Il y a tout d’abord la baisse de la fiscalité des ménages, réduction du nombre de tranches de revenus, abaissement des taux d'imposition mais aussi des droits de succession. L’abaissement de la fiscalité du capital, intérêts et dividendes, est aussi une vue partagée.

Est-ce que cela peut avoir un impact sur la consommation américaine ?

Oui et a priori négatif. Car on va assister à un transfert du poids de l'impôt des plus aisés aux plus défavorisés, favorisant plus l'épargne que la consommation. La suppression de l’Obamacare aura aussi pour résultat que certains devront faire un choix entre les soins et d'autres dépenses de consommation. La dimension intéressante pour l’activité du programme du prochain président, c'est le projet d’investissements massifs dans les infrastructures. Mais pourquoi les républicains voteraient-ils cela alors qu’ils ont voté contre pendant des années ? Les dépenses d’infrastructures du gouvernement fédéral atteignaient 5 % du PIB dans les années 50. On est tombé à 1,5 % aujourd’hui et cela n’a pas été le fait de majorités démocrates. Il faut se rappeler la stratégie de Reagan en matière de fiscalité dans laquelle s’inscrit le prochain président. Le principe c’était « starve the beast », affamer la bête. En réduisant les rentrées fiscales, on poursuit le but de réduire les dépenses.

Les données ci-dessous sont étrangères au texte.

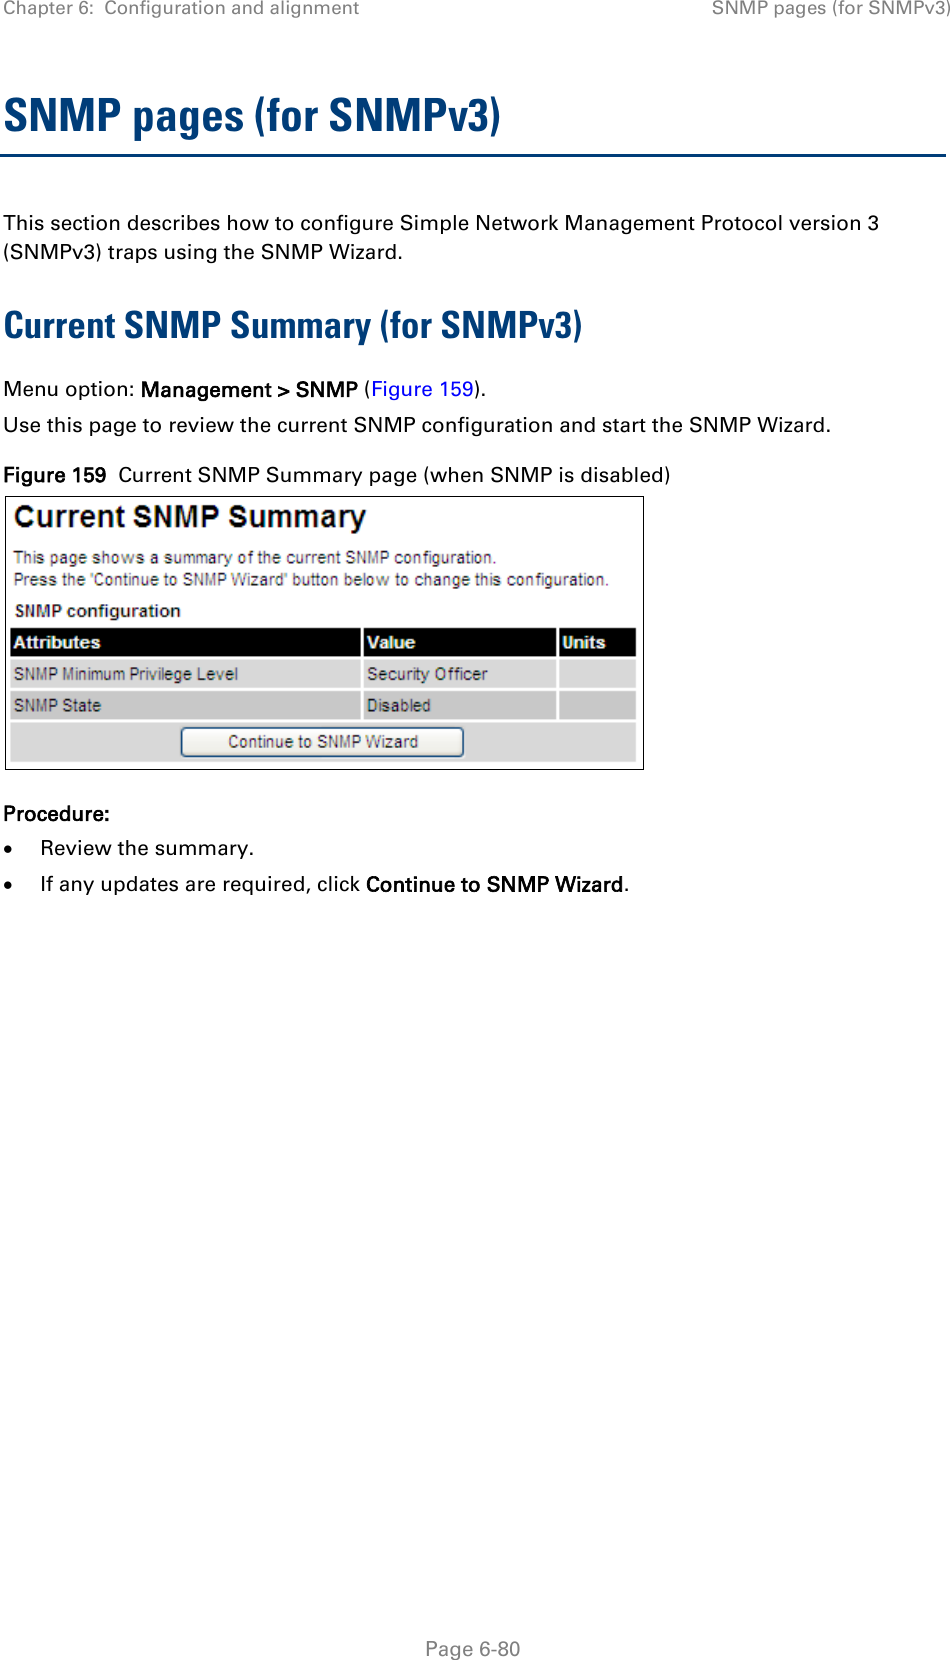 Chapter 6:  Configuration and alignment SNMP pages (for SNMPv3)  SNMP pages (for SNMPv3) This section describes how to configure Simple Network Management Protocol version 3 (SNMPv3) traps using the SNMP Wizard. Current SNMP Summary (for SNMPv3) Menu option: Management &gt; SNMP (Figure 159). Use this page to review the current SNMP configuration and start the SNMP Wizard. Figure 159  Current SNMP Summary page (when SNMP is disabled)  Procedure: • Review the summary. • If any updates are required, click Continue to SNMP Wizard.   Page 6-80

Le programme prévoit aussi des baisses sur l’impôt des sociétés ?

La baisse de l’impôt sur les sociétés, c’est un serpent de mer dans la politique américaine. C'est une vision partagée par les républicains et les démocrates et, au final, rien n'est jamais voté. En réalité, réduire le taux d'imposition et supprimer les niches fiscales favoriseraient les PME, qui n'ont pas les moyens des grandes entreprises en termes d'optimisation fiscale. De nombreuses grandes compagnies américaines ne paient déjà que 2 à 3 % d’impôt sur les sociétés.

Quel impact en matière d’environnement ?

Ce n'est lcairement pas positif, mais il faut aussi relativiser. Beaucoup de ces questions se règlent non pas au niveau fédéral mais au niveau des Etats. Le Dakota du Nord et le Texas pourront continuer à soutenir les hydrocarbures et la Californie à développer d’autres secteurs. Et de toutes façons, un président démocrate aurait eu des difficultés à imposer ses vues au Congrès.

La réindustrialisation de l’Amérique, avec un retour de ses usines, prônée par Trump est-elle possible ?

Le président des Etats-Unis n'a pas le pouvoir d'imposer aux entreprises privées la localisation de leur production.

Au final, quels sont les marges de manœuvres de Donald Trump par rapport au Congrès ?

C’est ce que nous allons apprendre dans les prochaines semaines. On va voir comment le prochain président va constituer son équipe, qui sera son chef de cabinet, etc. Il faut se rappeler qu’il a très peu d’expérience politique et qu’il va avoir besoin de gérer le Congrès. Et quelle va être l’attitude des sénateurs et des représentants ? Vont-il s’aligner sur les vues de leurs électeurs ou rester sur leurs positions traditionnelles ? L’un des signaux sera le maintien ou pas de Paul Ryan à la présidence de la Chambre des représentants qu’il maîtrise parfaitement.